[[ Supplied records, beginning ]]
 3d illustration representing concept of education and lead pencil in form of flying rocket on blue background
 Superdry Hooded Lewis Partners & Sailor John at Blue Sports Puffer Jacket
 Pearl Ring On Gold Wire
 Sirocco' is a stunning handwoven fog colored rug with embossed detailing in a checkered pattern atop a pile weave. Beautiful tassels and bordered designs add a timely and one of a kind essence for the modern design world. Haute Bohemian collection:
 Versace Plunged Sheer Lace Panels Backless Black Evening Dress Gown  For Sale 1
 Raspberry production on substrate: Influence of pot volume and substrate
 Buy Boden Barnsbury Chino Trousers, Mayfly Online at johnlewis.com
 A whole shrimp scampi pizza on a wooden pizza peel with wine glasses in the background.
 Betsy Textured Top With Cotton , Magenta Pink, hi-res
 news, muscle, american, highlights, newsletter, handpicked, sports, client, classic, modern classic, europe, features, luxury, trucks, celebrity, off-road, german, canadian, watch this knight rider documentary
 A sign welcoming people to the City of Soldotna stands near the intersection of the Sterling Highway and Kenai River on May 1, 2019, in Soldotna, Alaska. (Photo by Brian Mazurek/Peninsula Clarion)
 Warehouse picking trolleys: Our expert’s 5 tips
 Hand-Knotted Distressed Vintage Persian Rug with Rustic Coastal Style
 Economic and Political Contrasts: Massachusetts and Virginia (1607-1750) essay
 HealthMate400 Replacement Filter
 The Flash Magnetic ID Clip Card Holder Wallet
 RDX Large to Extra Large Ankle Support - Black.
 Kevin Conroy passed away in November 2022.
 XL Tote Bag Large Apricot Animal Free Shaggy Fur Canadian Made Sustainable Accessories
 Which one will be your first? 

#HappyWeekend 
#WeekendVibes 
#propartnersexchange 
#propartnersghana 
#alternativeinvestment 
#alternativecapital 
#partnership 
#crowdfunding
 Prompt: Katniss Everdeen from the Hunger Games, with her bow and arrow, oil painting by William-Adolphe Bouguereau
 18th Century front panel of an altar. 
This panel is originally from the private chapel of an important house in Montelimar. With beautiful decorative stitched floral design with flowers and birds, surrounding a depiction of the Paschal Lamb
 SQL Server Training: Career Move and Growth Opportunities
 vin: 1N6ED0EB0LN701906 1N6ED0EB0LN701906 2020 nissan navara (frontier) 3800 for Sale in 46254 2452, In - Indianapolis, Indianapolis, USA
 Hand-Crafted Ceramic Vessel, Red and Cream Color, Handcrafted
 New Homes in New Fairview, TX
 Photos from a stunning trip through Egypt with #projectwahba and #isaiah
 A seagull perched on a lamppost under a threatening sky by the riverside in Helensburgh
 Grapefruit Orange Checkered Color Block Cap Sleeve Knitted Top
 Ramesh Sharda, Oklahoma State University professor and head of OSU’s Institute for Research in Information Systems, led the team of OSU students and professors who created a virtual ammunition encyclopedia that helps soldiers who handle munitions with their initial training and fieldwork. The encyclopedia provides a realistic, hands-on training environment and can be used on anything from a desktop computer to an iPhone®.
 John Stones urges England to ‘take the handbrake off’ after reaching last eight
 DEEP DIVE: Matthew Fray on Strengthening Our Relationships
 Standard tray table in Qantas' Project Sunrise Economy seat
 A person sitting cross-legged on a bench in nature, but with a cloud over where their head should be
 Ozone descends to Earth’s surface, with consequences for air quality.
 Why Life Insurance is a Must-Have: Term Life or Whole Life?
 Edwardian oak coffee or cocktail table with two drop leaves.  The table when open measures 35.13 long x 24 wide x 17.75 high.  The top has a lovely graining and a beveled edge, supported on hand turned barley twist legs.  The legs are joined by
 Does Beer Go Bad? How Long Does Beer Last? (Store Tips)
[[ Supplied records, end ]]
Activity:
From the records above, copy out the line with "#propartnersghana", the line with "Edwardian oak coffee", and every line between them, word for word.

Solved exercise:
#propartnersghana 
#alternativeinvestment 
#alternativecapital 
#partnership 
#crowdfunding
 Prompt: Katniss Everdeen from the Hunger Games, with her bow and arrow, oil painting by William-Adolphe Bouguereau
 18th Century front panel of an altar. 
This panel is originally from the private chapel of an important house in Montelimar. With beautiful decorative stitched floral design with flowers and birds, surrounding a depiction of the Paschal Lamb
 SQL Server Training: Career Move and Growth Opportunities
 vin: 1N6ED0EB0LN701906 1N6ED0EB0LN701906 2020 nissan navara (frontier) 3800 for Sale in 46254 2452, In - Indianapolis, Indianapolis, USA
 Hand-Crafted Ceramic Vessel, Red and Cream Color, Handcrafted
 New Homes in New Fairview, TX
 Photos from a stunning trip through Egypt with #projectwahba and #isaiah
 A seagull perched on a lamppost under a threatening sky by the riverside in Helensburgh
 Grapefruit Orange Checkered Color Block Cap Sleeve Knitted Top
 Ramesh Sharda, Oklahoma State University professor and head of OSU’s Institute for Research in Information Systems, led the team of OSU students and professors who created a virtual ammunition encyclopedia that helps soldiers who handle munitions with their initial training and fieldwork. The encyclopedia provides a realistic, hands-on training environment and can be used on anything from a desktop computer to an iPhone®.
 John Stones urges England to ‘take the handbrake off’ after reaching last eight
 DEEP DIVE: Matthew Fray on Strengthening Our Relationships
 Standard tray table in Qantas' Project Sunrise Economy seat
 A person sitting cross-legged on a bench in nature, but with a cloud over where their head should be
 Ozone descends to Earth’s surface, with consequences for air quality.
 Why Life Insurance is a Must-Have: Term Life or Whole Life?
 Edwardian oak coffee or cocktail table with two drop leaves.  The table when open measures 35.13 long x 24 wide x 17.75 high.  The top has a lovely graining and a beveled edge, supported on hand turned barley twist legs.  The legs are joined by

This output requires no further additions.